Reconfigurable Grasp Planning Pipeline with Grasp Synthesis and Selection Applied to Picking Operations in Aerospace Factories

Highlights

• Modular, re-configurable and flexible robot grasping planning pipeline;

• Introduction and review of multi-fingered grasping and simulated annealing theory;

• Real industrial application results with an Aerospace test-case.

Abstract

Several approaches with interesting results have been proposed over the years for robot grasp planning. However, the industry suffers from the lack of an intuitive and reliable system able to automatically estimate grasp poses while also allowing the integration of grasp information from the accumulated knowledge of the end user. In the presented paper it is proposed a non-object-agnostic grasping pipeline motivated by picking use cases from the aerospace industry. The planning system extends the functionality of the simulated annealing optimization algorithm for allowing its application within an industrial use case. Therefore, this paper addresses the first step of the design of a reconfigurable and modular grasping pipeline. The key idea is the creation of an intuitive and functional grasping framework for being used by factory floor operators according to the task demands. This software pipeline is capable of generating grasp solutions in an offline phase, and later on, in the robot operation phase, can choose the best grasp pose by taking into consideration a set of heuristics that try to achieve a successful grasp while also requiring the least effort for the robotic arm. The results are presented in a simulated and a real factory environment, relying on a mobile platform developed for intralogistic tasks. With this architecture, new state-of-art methodologies can be integrated in the future for growing the grasping pipeline and make it more robust and applicable to a wider range of use cases.

Introduction

Planning and performing a grasp movement is done effortlessly by humans, but for robots, this is a significant challenge. The current established industrial solutions are only capable of dealing with this problem in well-structured and controlled environments. Typically, these solutions resort to techniques that depend on the operators’ expertise, which manually programs the robotic system, or are based on inflexible, application oriented, software tools (e.g., drive through, lead through and offline programming), which do not convey with modern industry paradigms that ultimately seek for new autonomous and efficient techniques to enhance the flexibility of industrial robotic systems.

For decades the study of grasp techniques in complex scenarios has been explored by the scientific community, which led to the appearance of several analytical [1], [2], [3], [4], [5], [6] and data-driven [7] approaches aiming for the improvement of production lines, logistics processes, assembling operations, and bin-picking tasks. Despite these significant contributions, the complexity associated with designing a task-oriented analytical method or build a large dataset, required for the training of Machine Learning (ML) systems, limits the effective adoption of these technologies as an efficient, user-friendly, and applicable industrial solution.

In this context, this paper introduces a reconfigurable robot grasping software pipeline. It is based on a sequential architecture to autonomously compute the grasp solution for a robotic arm in an industrial application. This pipeline is built on top of Robot Operating System (ROS) and “GraspIt!” simulator [8], extending the applicability of Simulated Annealing (SA) [9] with a feasible application time.

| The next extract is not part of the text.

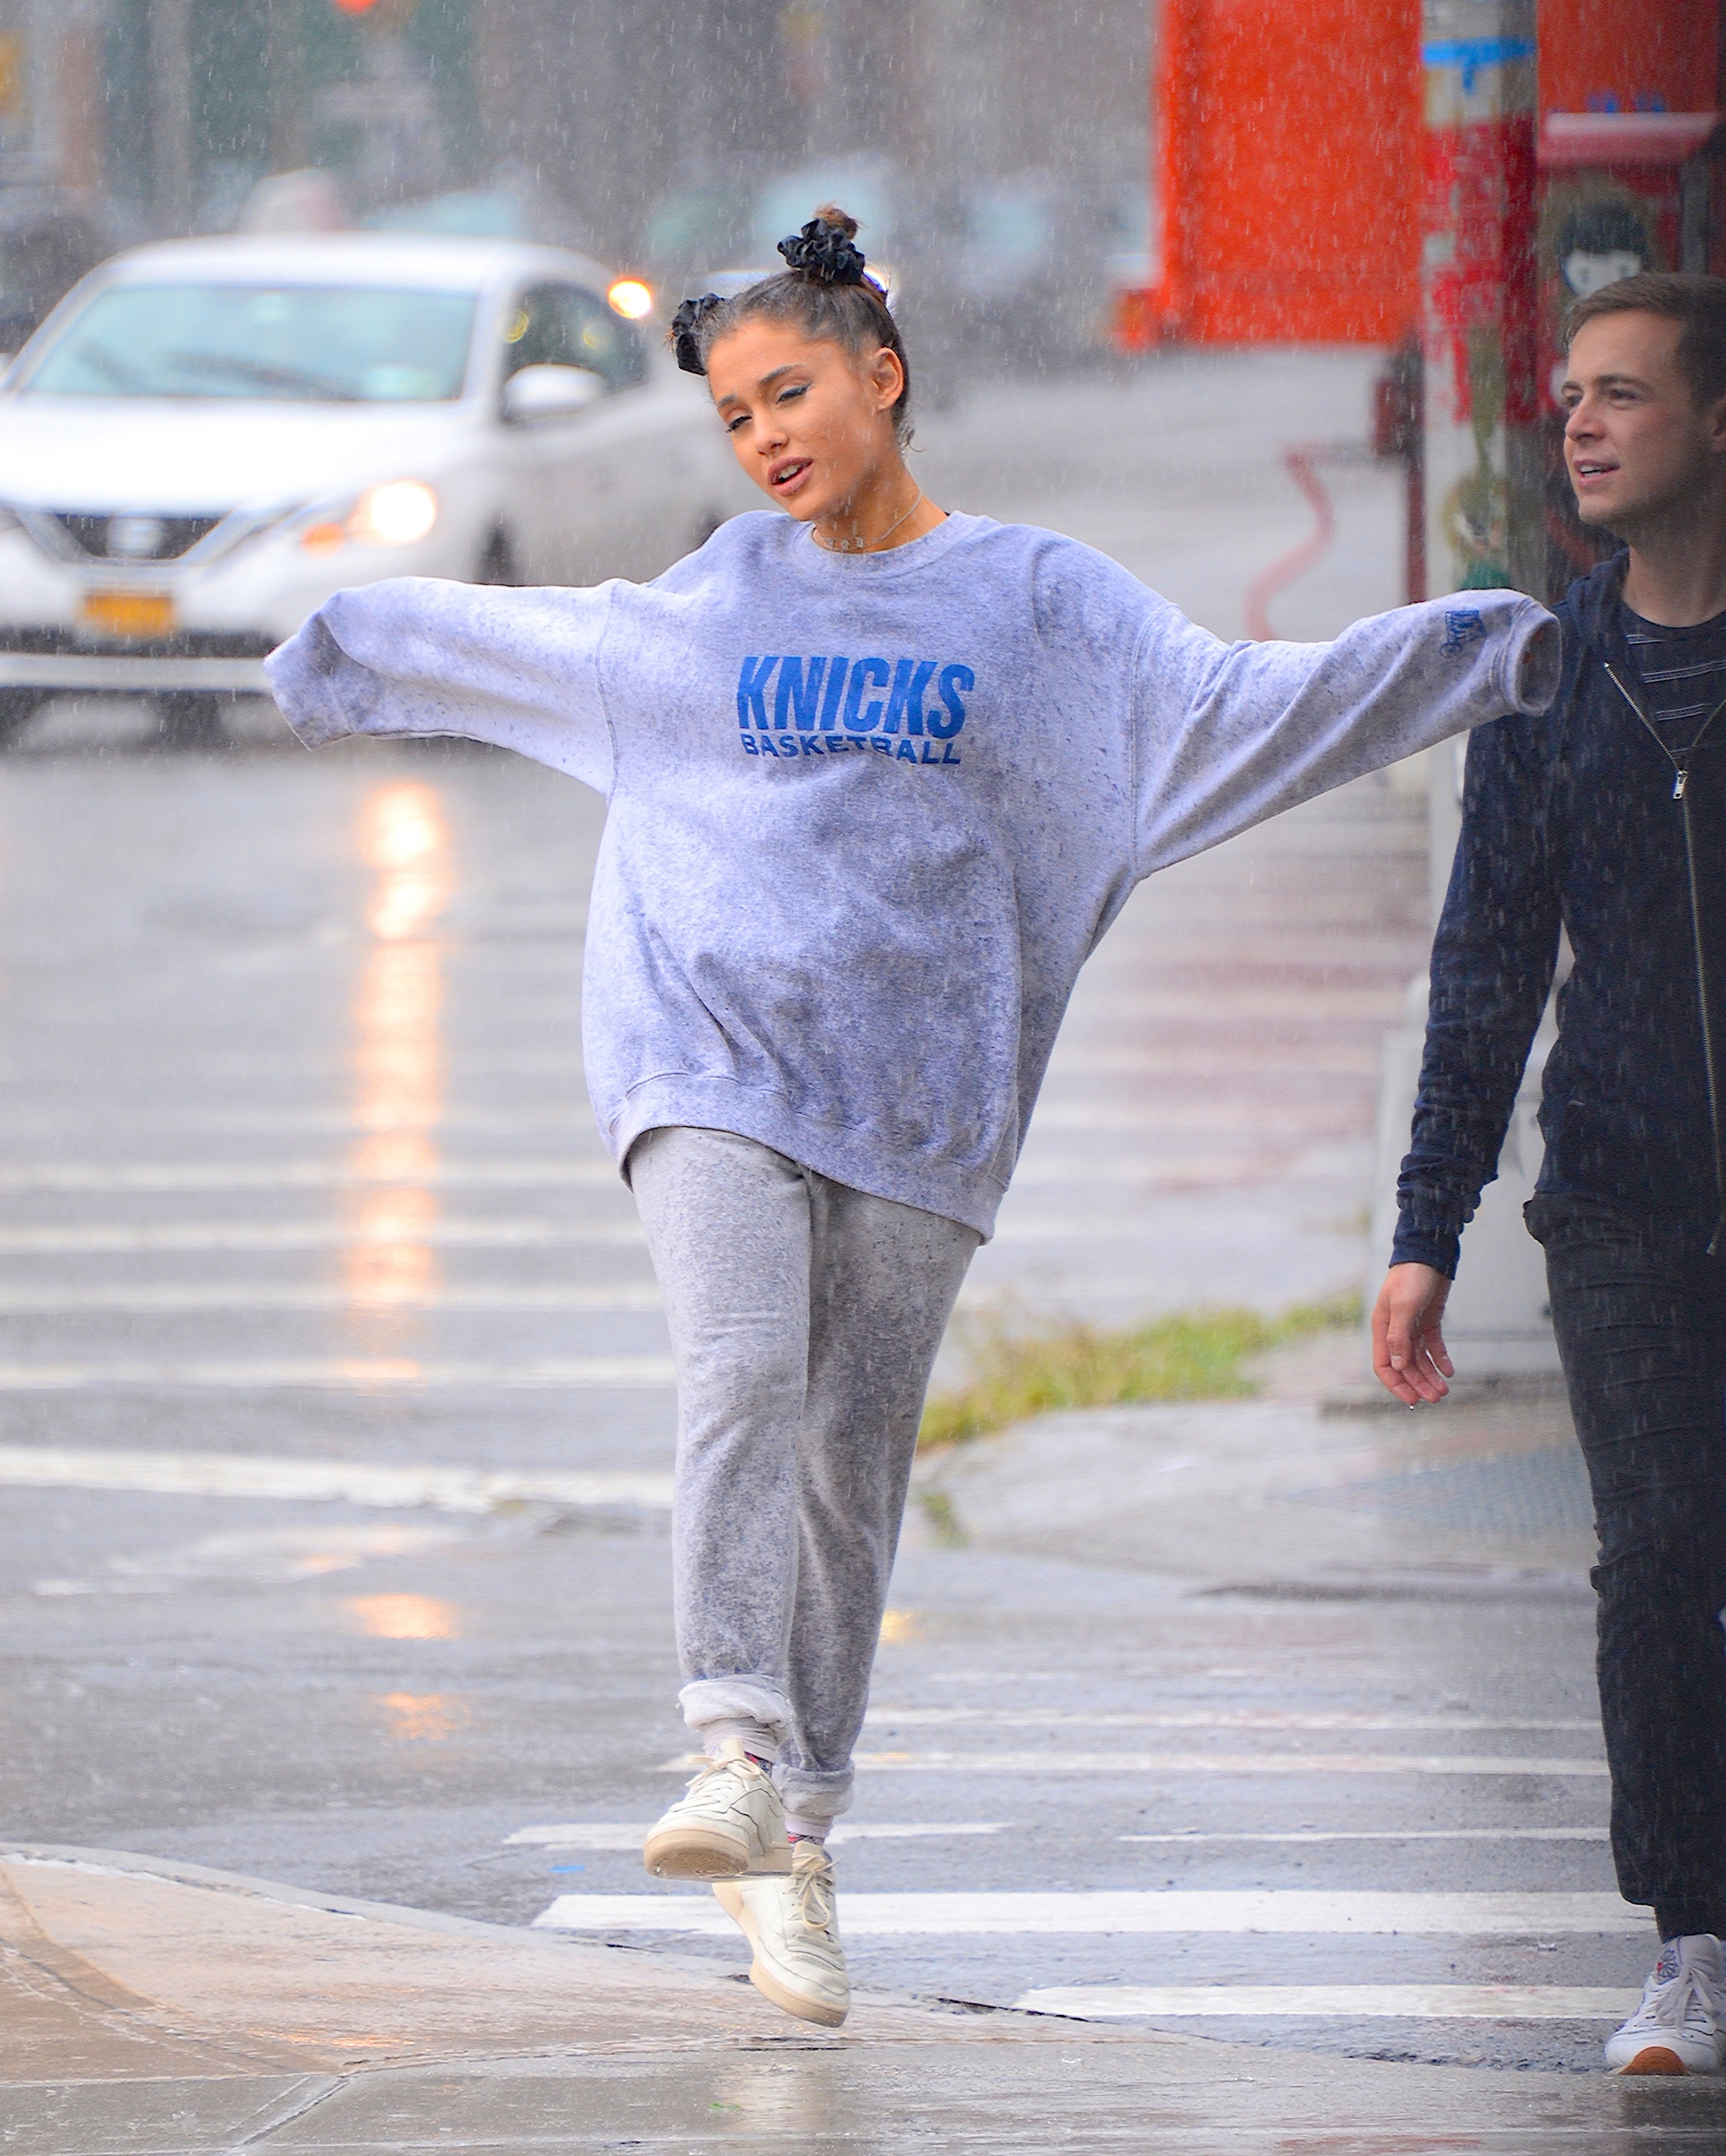 ariana skipping in the rain in a sweats

With this work the authors goal is to deploy to both the industrial and scientific community a software tool capable of automatically generating robot grasp poses over a set of objects. Namely, this paper presents the backbone of the proposed modular and configurable pipeline, where methodologies and tools already consolidated in the scientific community will be further integrated. Furthermore, this tool will serve as the basis for future developments on the robot grasping topic.

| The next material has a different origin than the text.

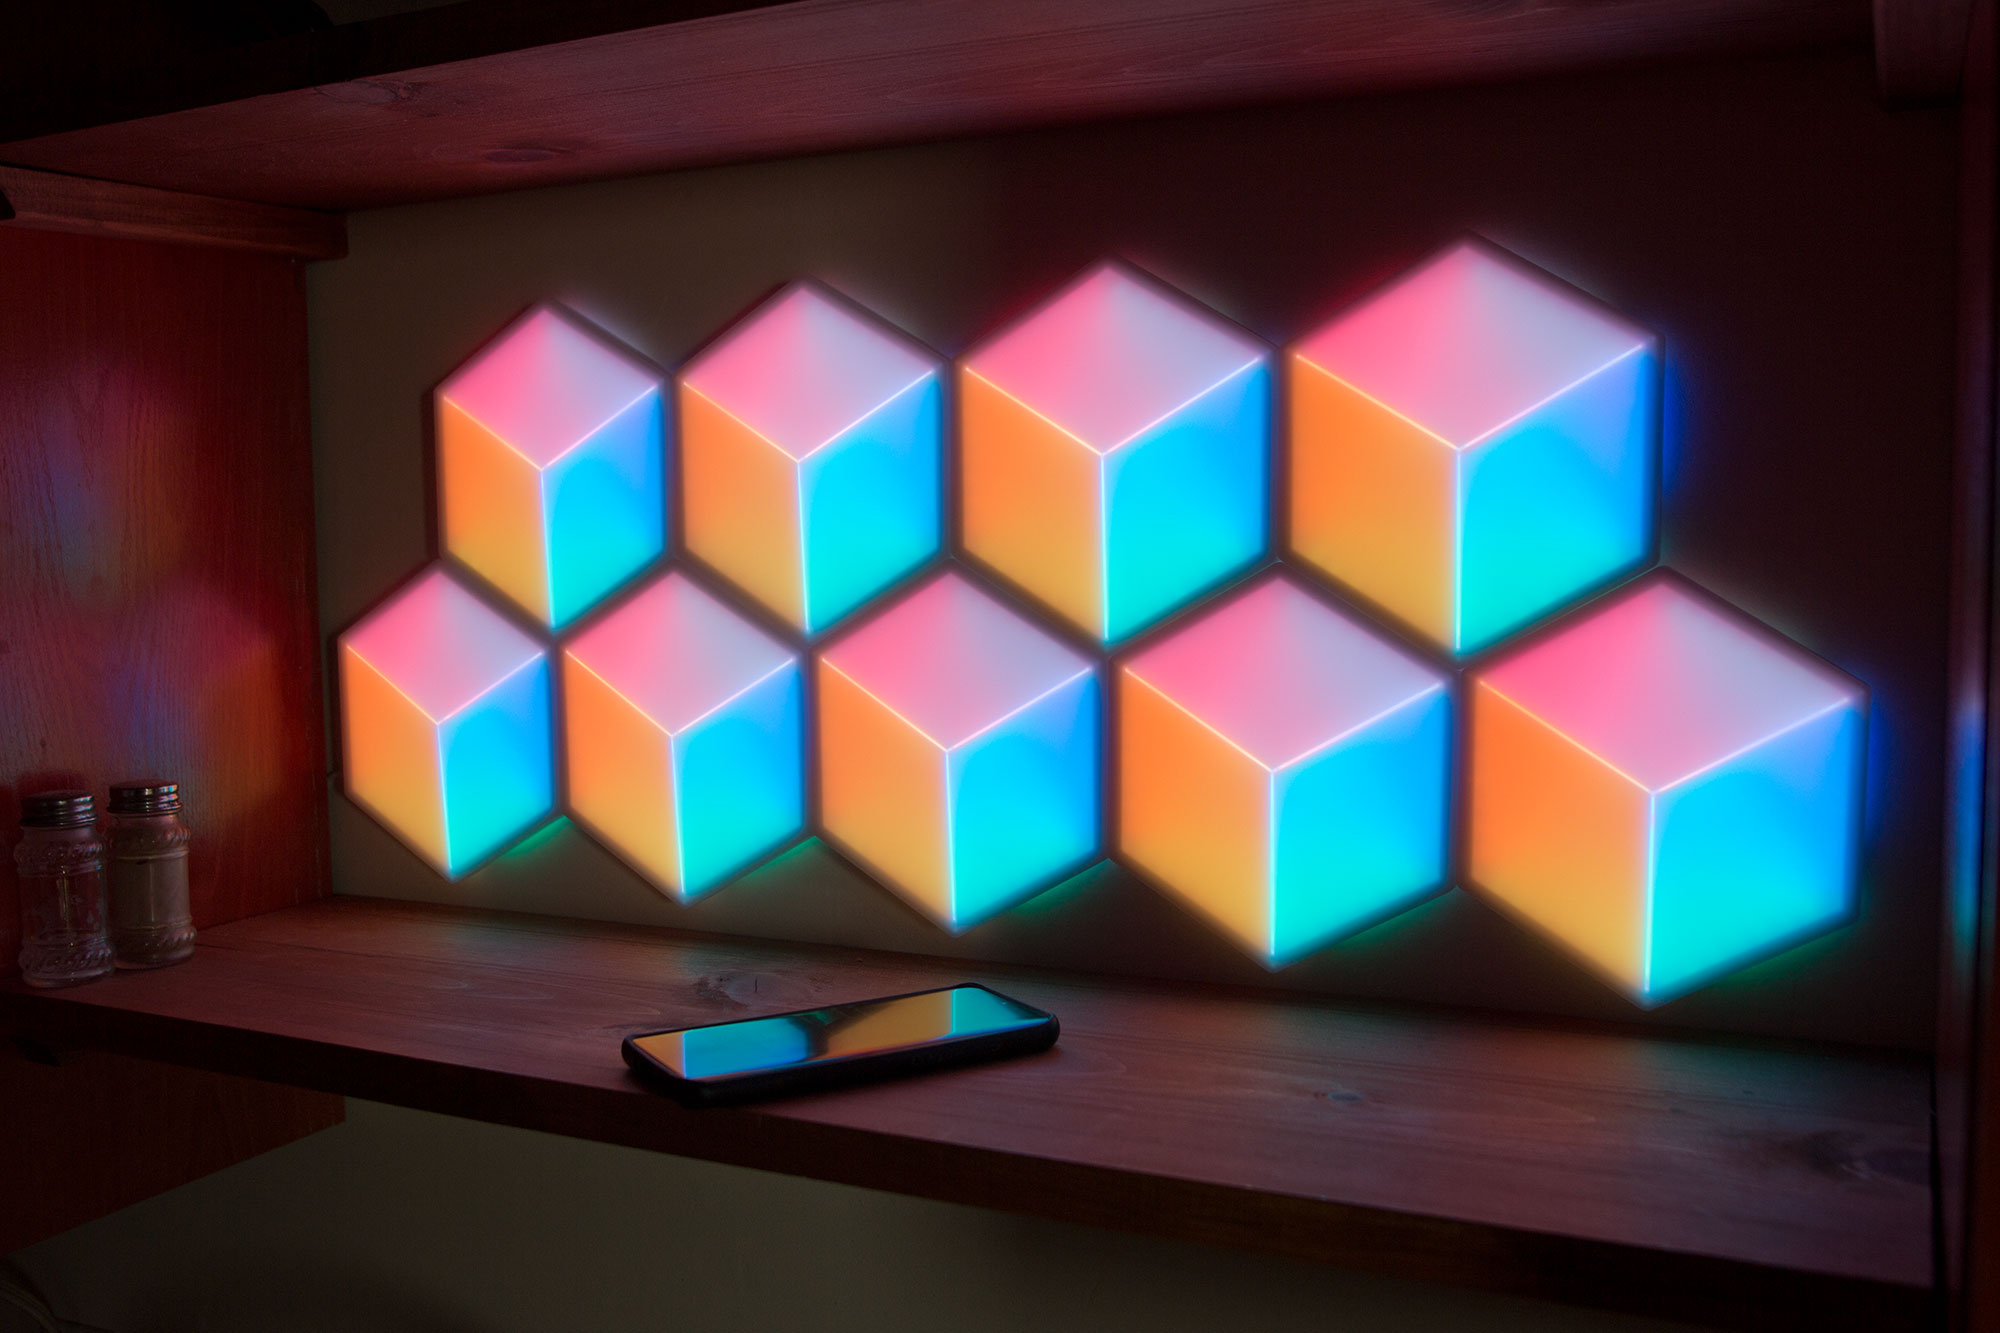 Govee Lights, the best Smart LED lights option for Streamers?

Practical results are presented considering a real aerospace factory use case, targeting the execution of intralogistic operations by an omnidirectional robot equipped with a robotic arm, i.e., a mobile manipulator (Fig.  1).

Bearing these ideas in mind, this paper is structured as follows: Section 2 discusses the related work. Section 3 presents relevant background on robot based grasp topic. Section 4, presents the proposed grasp planning software backbone. Finally, in Section 5 the experimental results are presented and discussed, followed by the Conclusions and Future Work (Section 6).